A survivor of the 2018 Pittsburgh Synagogue shooting that left 11 worshippers dead said the attack on Israel “feels familiar,” and brought back the trauma.

Jeffrey Myers, the rabbi of the Tree of Life synagogue in Pittsburgh’s Squirrel Hill neighborhood, posted Thursday on the congregation’s website in support of Israel, calling the events of the last week a “retraumatization.”

“That familiar hurt returned, the one deep in the pit of my stomach, but this time I recognized it for what it was. Trauma. I was experiencing retraumatization,” Myers wrote.

Myers narrowly escaped the gunman, Robert Bowers, who entered the synagogue armed with three handguns and an AR-15 rifle and killed 11 congregants at the Tree of Life synagogue in 2018. He was sentenced to death by a federal jury in August for those murders.

“I thought about the history of my people, how we’ve been persecuted and hunted and slaughtered for centuries, and how all of them must have felt at the moments before their death,” Myers testified in the trial.

Myers attended a Sunday evening rally at the Jewish Community Center in Pittsburgh to support Israel, in the wake of the attack by Hamas terrorists that began on Saturday and have left more than 1,200 people dead.
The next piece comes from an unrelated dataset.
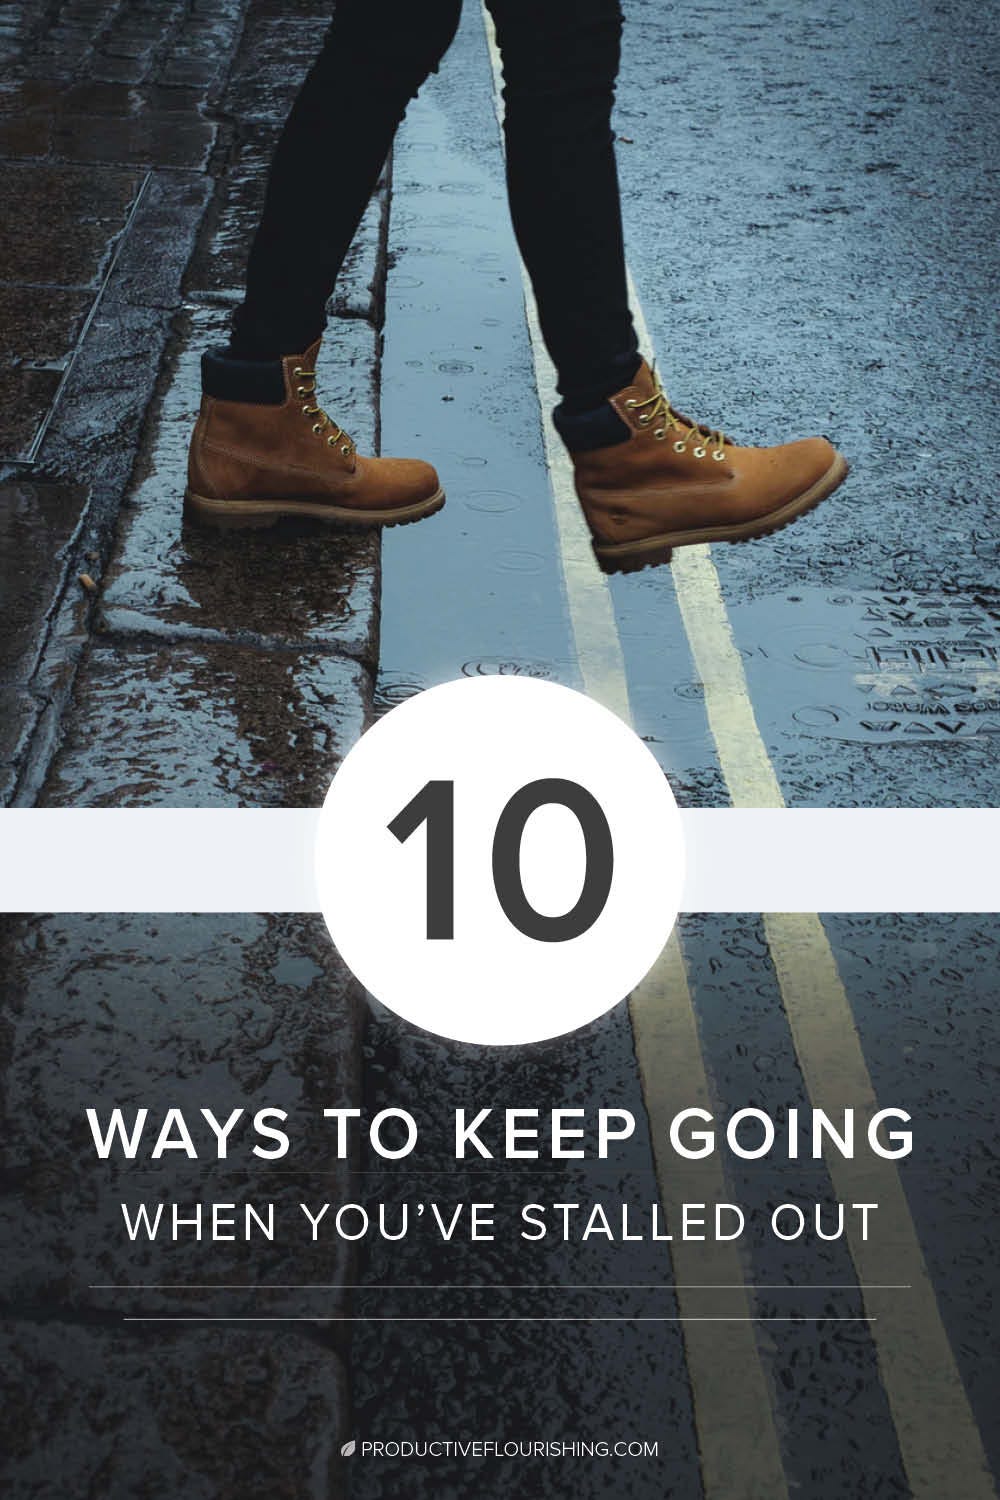 Here are 10 tips to keep going and maintain your momentum when you find yourself utterly drained, unable to create blog posts or be creative at all. #entrepreneur #successmindset #productiveflourishing
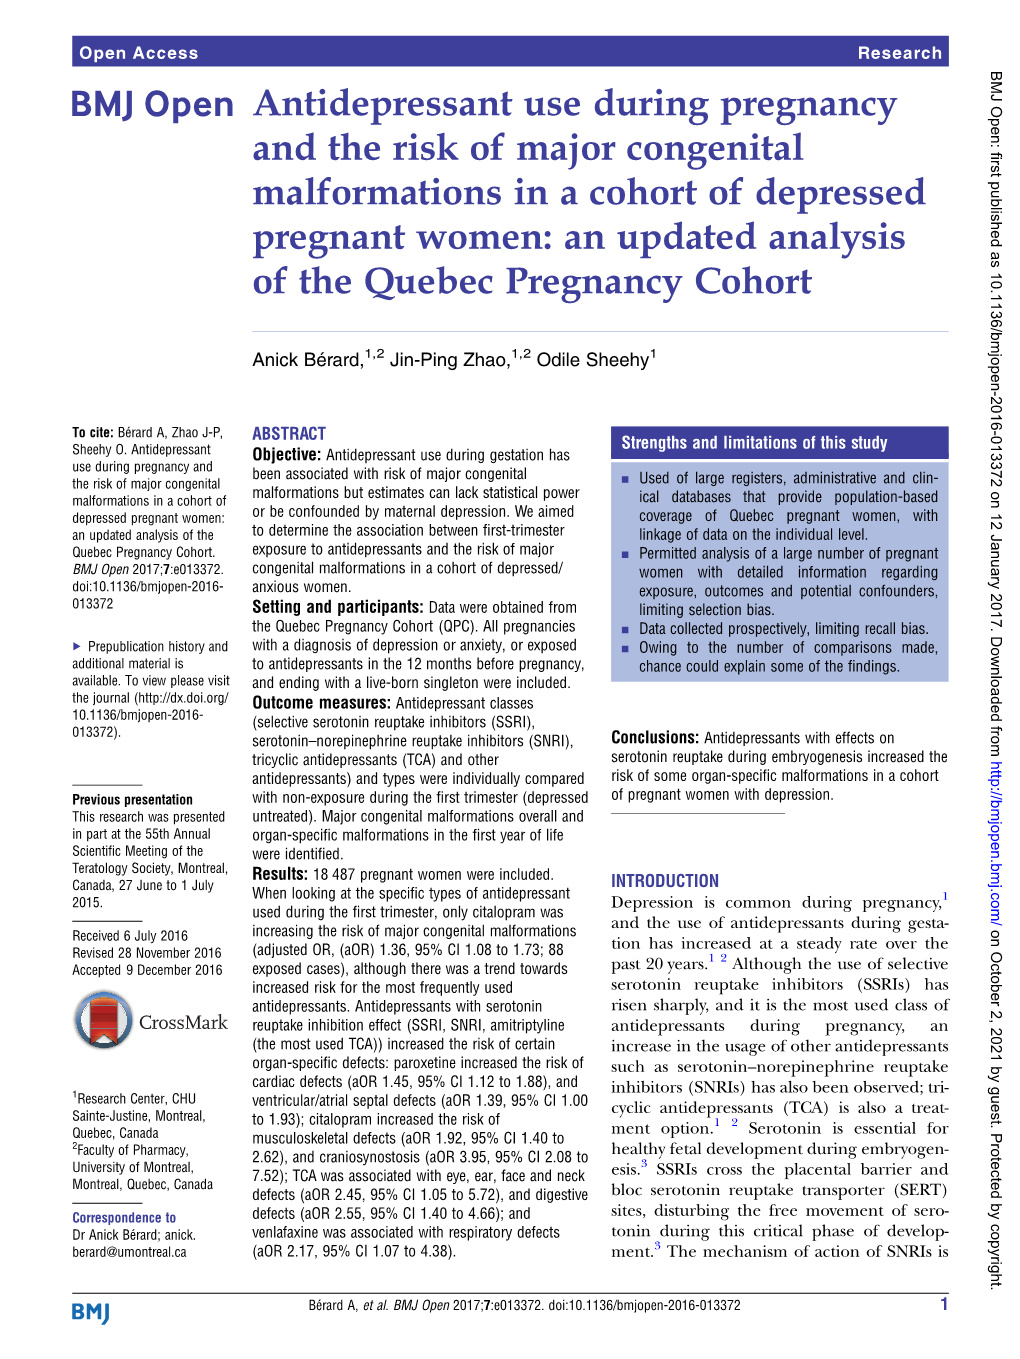 Antidepressant Use During Pregnancy and the Risk of Major Congenital Malformations in a Cohort of Depressed Pregnant Women

The first person Myers saw at the rally was one of the patrolmen who responded to the synagogue shooting. “We embraced and I thanked him for being here. His response of ‘Of course I would be here,’ was so uplifting,” Myers wrote.

Myers said he recognized even more similarities in the aftermath of the Pittsburgh synagogue shooting almost five years ago and the attacks over the weekend.

He was in the same room they gathered in after the shooting in 2018 and was surrounded by “some of the same people” again.

“That’s when it hit me, like a ton of bricks. Déjà vu,” he wrote. “The words that flashed through my mind were staggering: horror; shock; disbelief; anger; evil; pain.”

“Before, during, and after the rally, I recognized the signs in everyone I saw. Pittsburgh has been through this before,” he wrote.

Myers offered a prayer for the hostages and families who’ve suffered the losses of loved ones, and for peace in Israel.

“My trauma is nothing compared to my brothers and sisters in the State of Israel,” he wrote.